The four compass points (Lust, Ambition, Rage, and Decay) are closely associated with the traditional Chaos Gods, while the other four points cover perhaps more subtle threats that blow across the galaxy. Each covers a myriad of sins, and could easily drive any number of potential threats, both from within and without. A Tech-Priest who desires the secrets of the distant past is driven by Lust, while a Space Marine who holds his men above the masses of humanity is buffeted by Hubris. An Ork Warlord may be inspired to launch a Waaaagh through Zealous faith in Gork and Mork, or through Rage at being wronged by a particular Imperial commander, or through Ambition to be counted among the great Warlords of all time.
+++THOUGHT FOR THE DAY: Ambition knows no bounds.+++

Rogue Trader: Apocalypse

The four compass points (Lust, Ambition, Rage, and Decay) are closely associated with the traditional Chaos Gods,

Damn, I never thought of it like that, with Tzeentch symbolizing ambition. That makes a lot of sense, actually. And the rest of your eight-pointed compass of doom is really quite good, too. If anything, I think maybe Hubris and Ambition are too similar? I've always thought of it that way. Maybe Greed should go between Lust and Ambition (or change Ambition to Hubris), unless Greed is too similar to Hunger.


Damn, I never thought of it like that, with Tzeentch symbolizing ambition. That makes a lot of sense, actually. And the rest of your eight-pointed compass of doom is really quite good, too. If anything, I think maybe Hubris and Ambition are too similar? I've always thought of it that way. Maybe Greed should go between Lust and Ambition (or change Ambition to Hubris), unless Greed is too similar to Hunger.

Actually, that's exactly how I started off, with Greed and Treachery sitting where Hubris and Ambition are now. My light bulb moment was that Treachery and Greed are each subsets of Ambition and Lust, which left me with a spot where Hubris now sits.
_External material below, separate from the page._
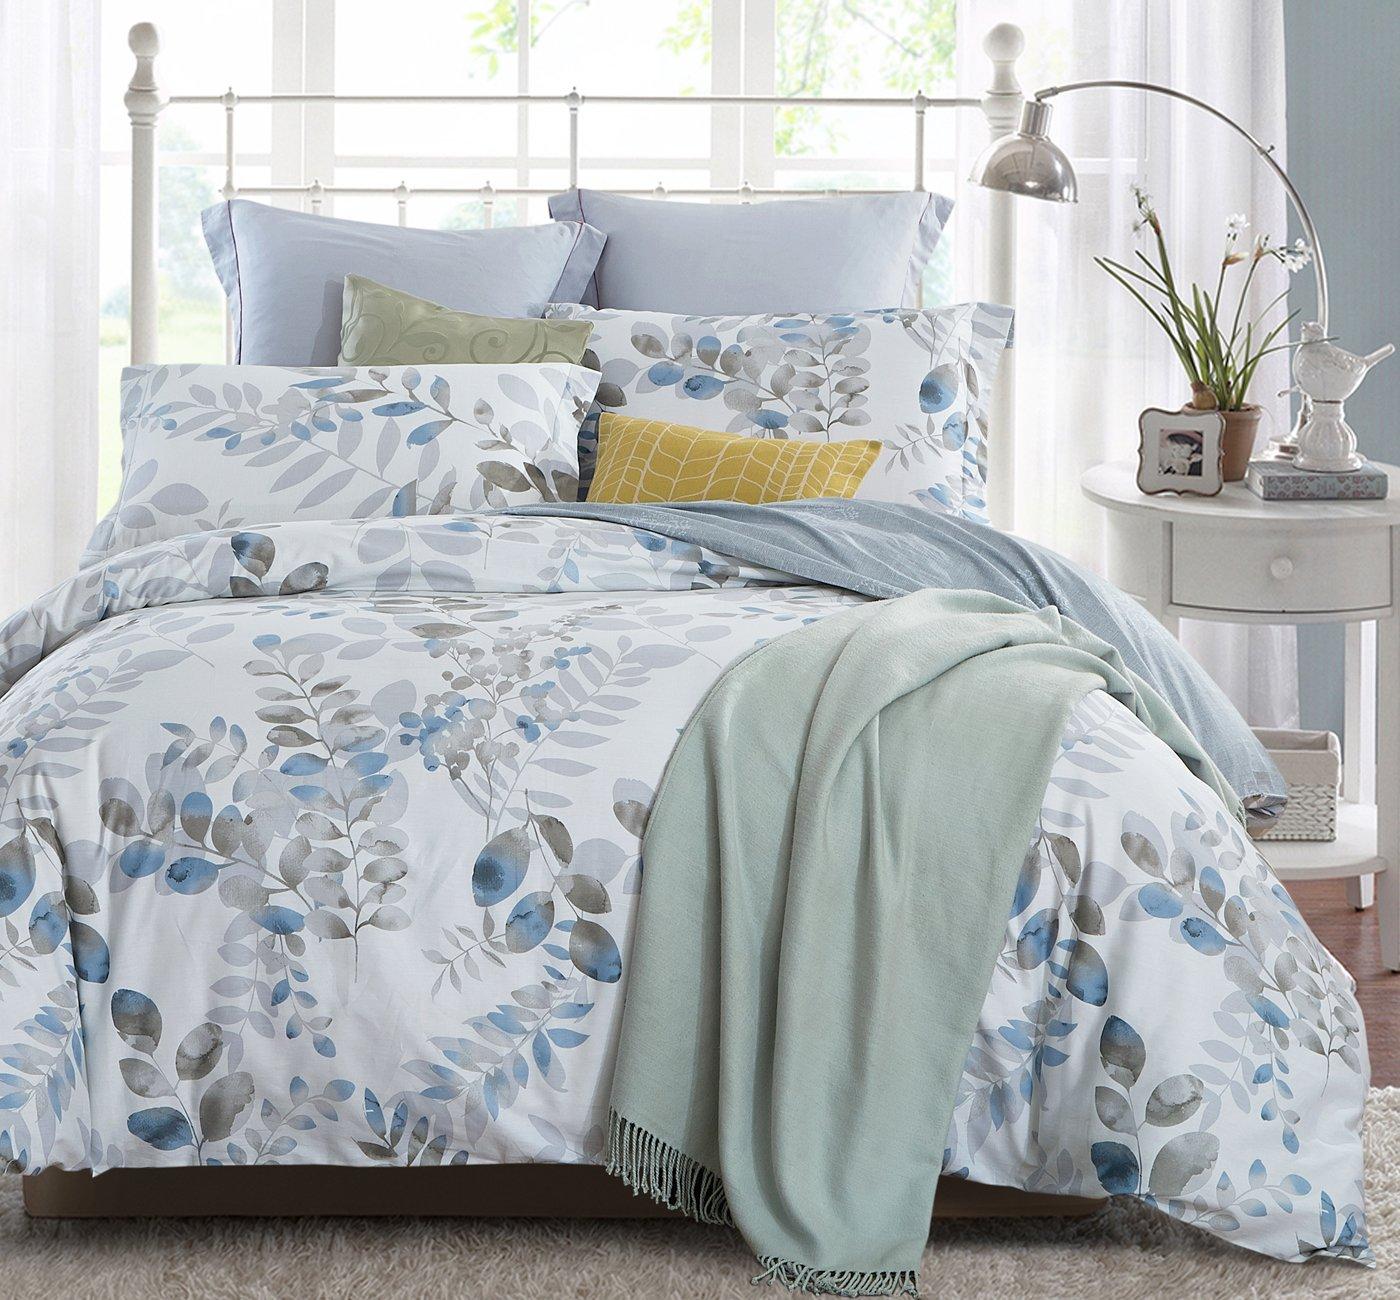 King COMIN16JU049423 Leaves Pattern Word of Dream 250TC 100/% Cotton Floral Print Duvet Cover Set 3 PC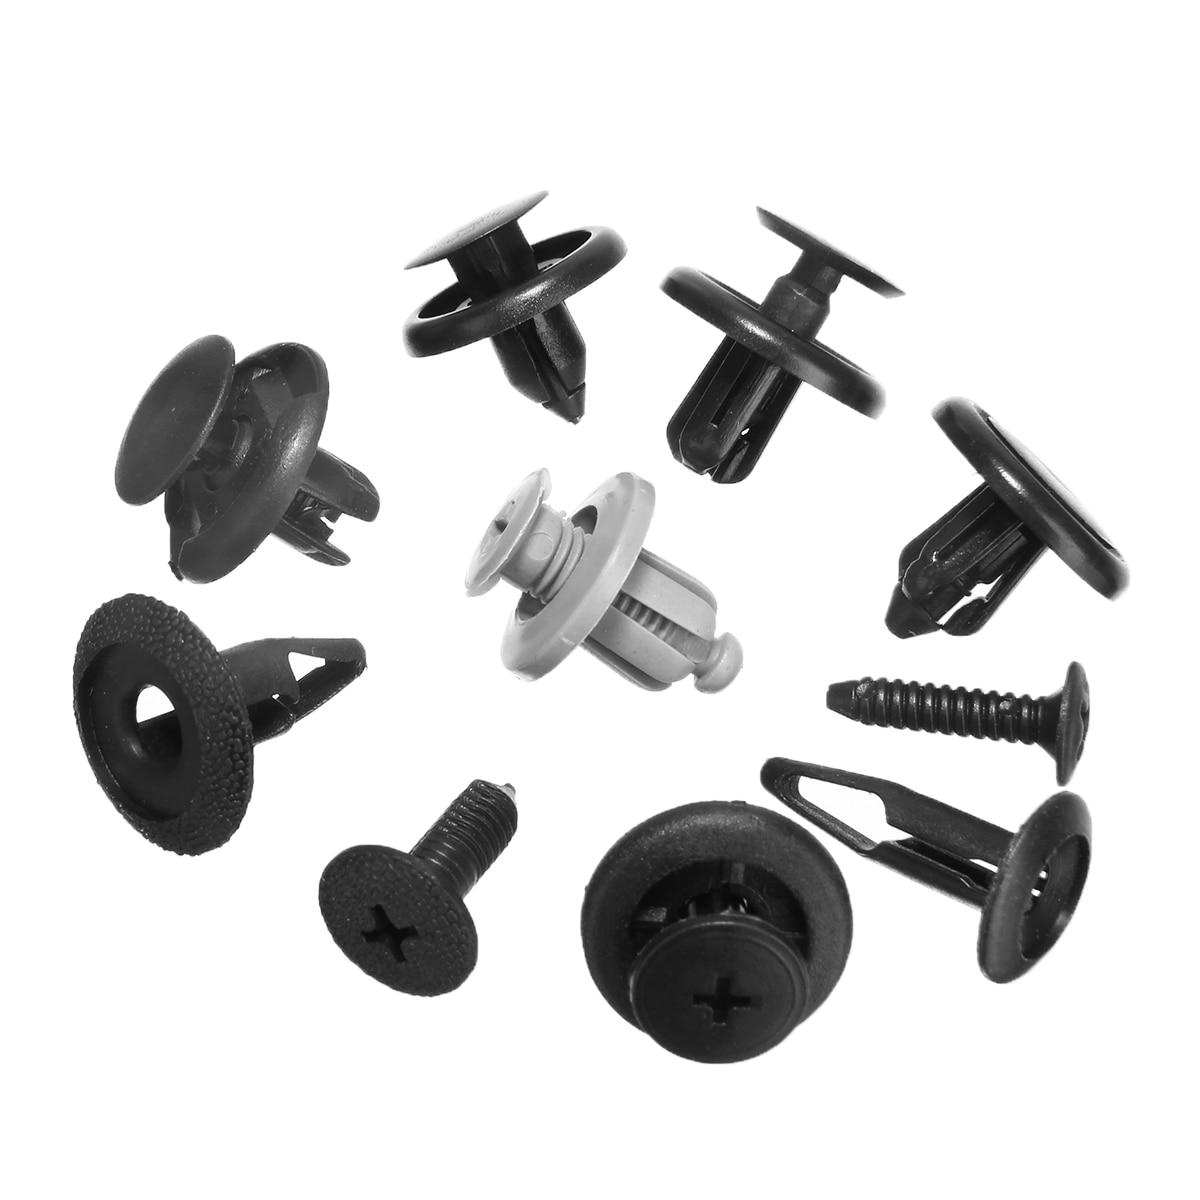 Mayitr New 100Pcs Mixed Fastener Clips Plastic Screw Rivet Clip Fastener Set For Car Trunk Bumper Fender

I think you may be right in saying that Hubris is too close to Ambition - initially, it was called Pride. Pride covers the sin of a planetary Governor who believes his forces impregnable to any assault, in addition to the Space Marine captain who sets his men above the common folk, or the radical Inquisitor who believes himself strong enough to resist the lure of Chaos while using its tools. In essence, it covers ignorance and the sense of superiority; it's meant to be the sin that brought down Lucifer, the Lightbringer. Hubris, as a word, doesn't really capture that - it's more the mad desire to challenge the forces of the world, which would come more closely under Ambition.